Available data:

= = = = =

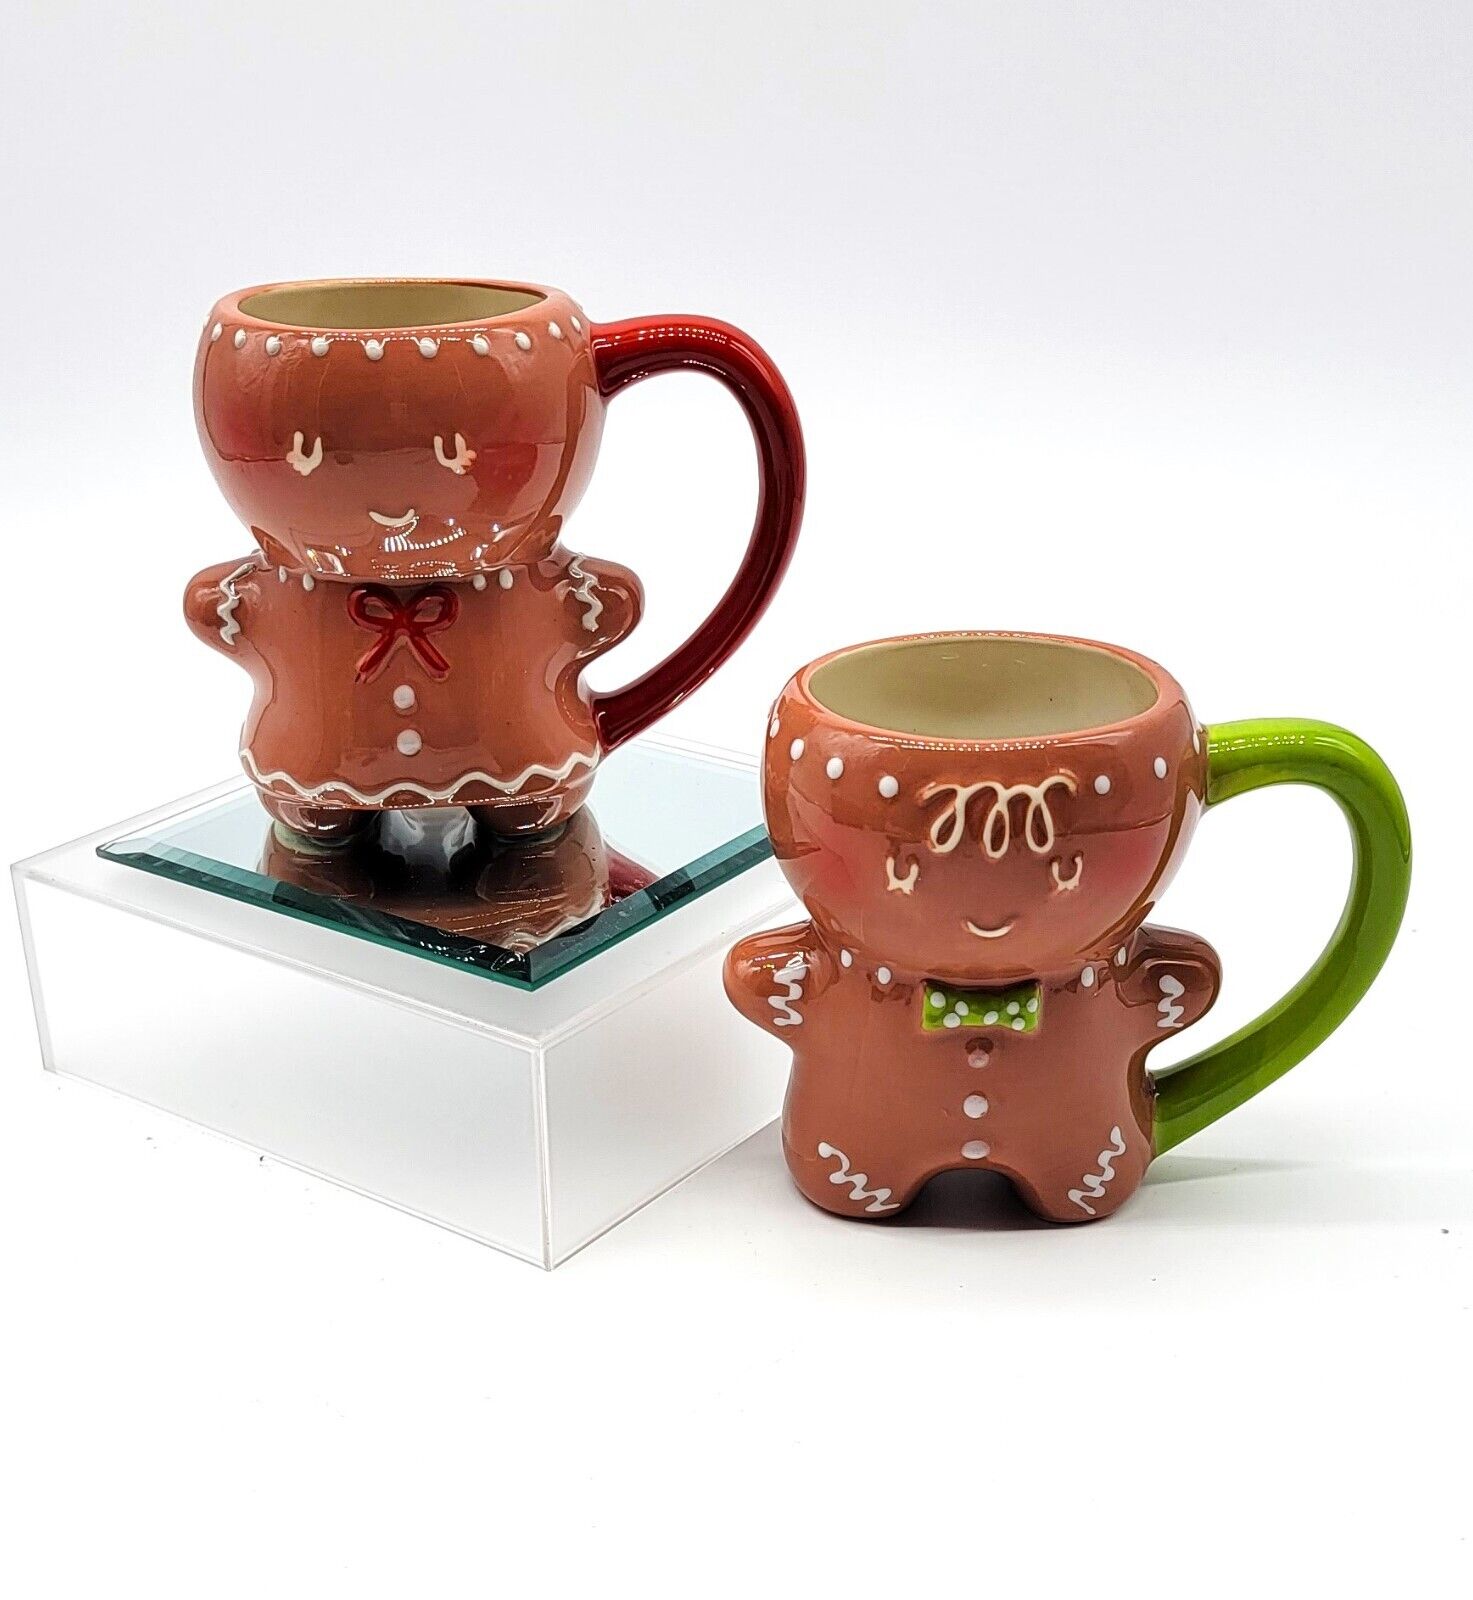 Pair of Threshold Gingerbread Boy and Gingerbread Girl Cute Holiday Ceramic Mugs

= = = = =

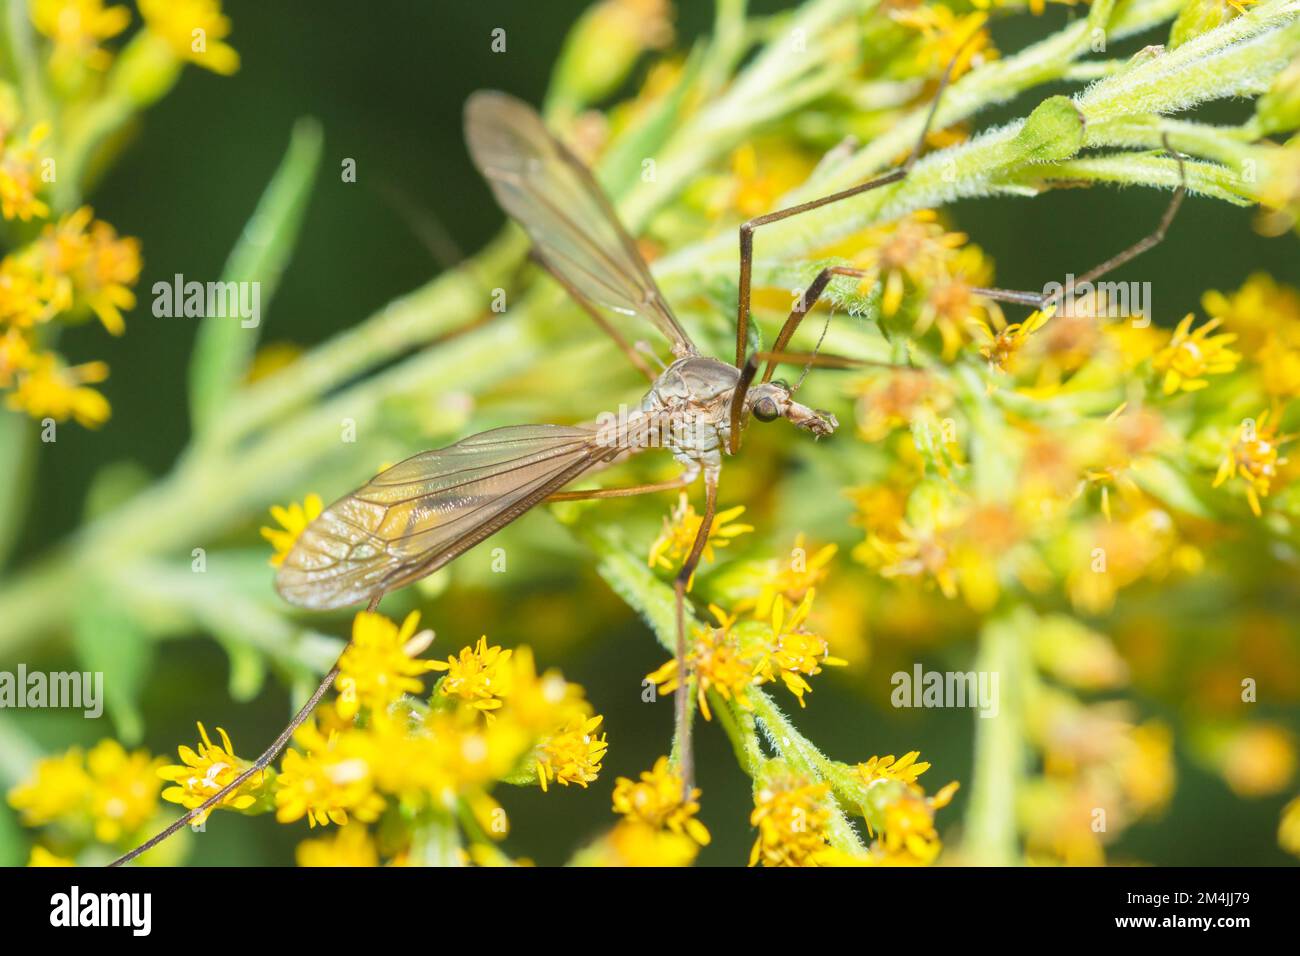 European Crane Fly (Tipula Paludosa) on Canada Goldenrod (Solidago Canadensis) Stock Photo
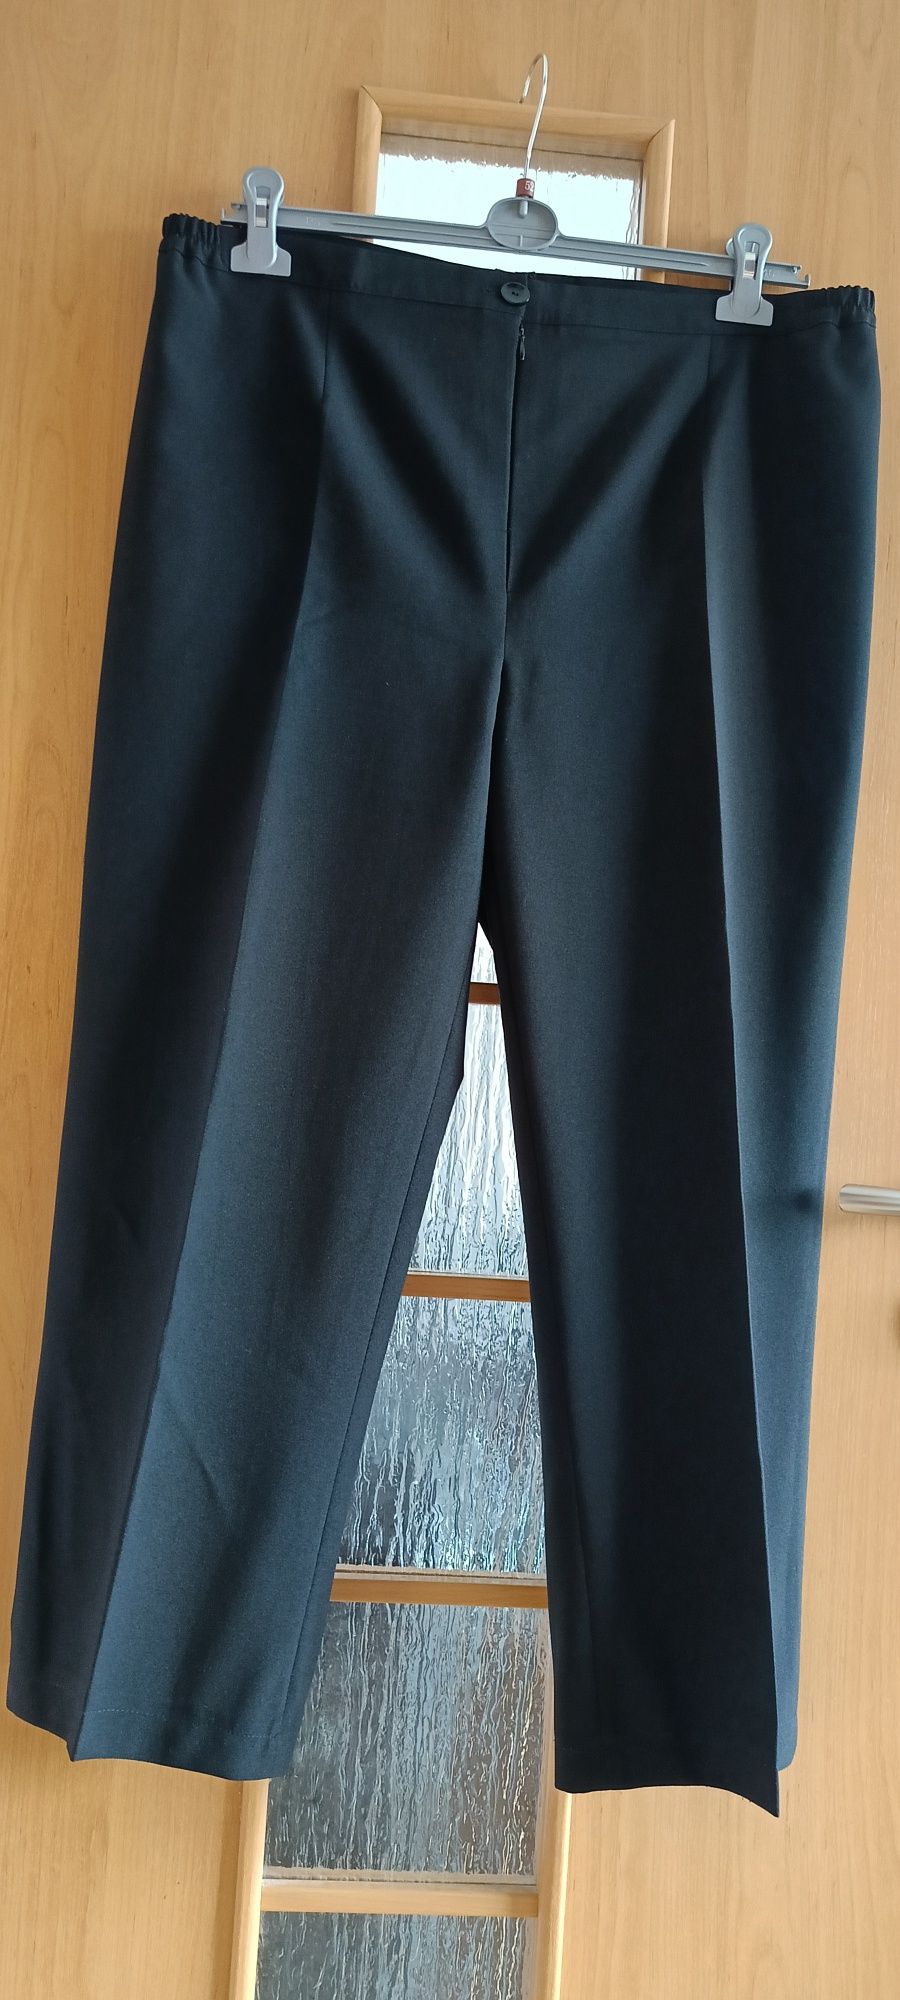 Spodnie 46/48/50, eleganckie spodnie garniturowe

= = = = =

Task to carry out: Leaving out all pictures, set down exactly the lines of the material above, from the line with "European Crane Fly" to the line with "Spodnie 46/48/50, eleganckie" inclusive, and no others.

Answer below:
 European Crane Fly (Tipula Paludosa) on Canada Goldenrod (Solidago Canadensis) Stock Photo
 Spodnie 46/48/50, eleganckie spodnie garniturowe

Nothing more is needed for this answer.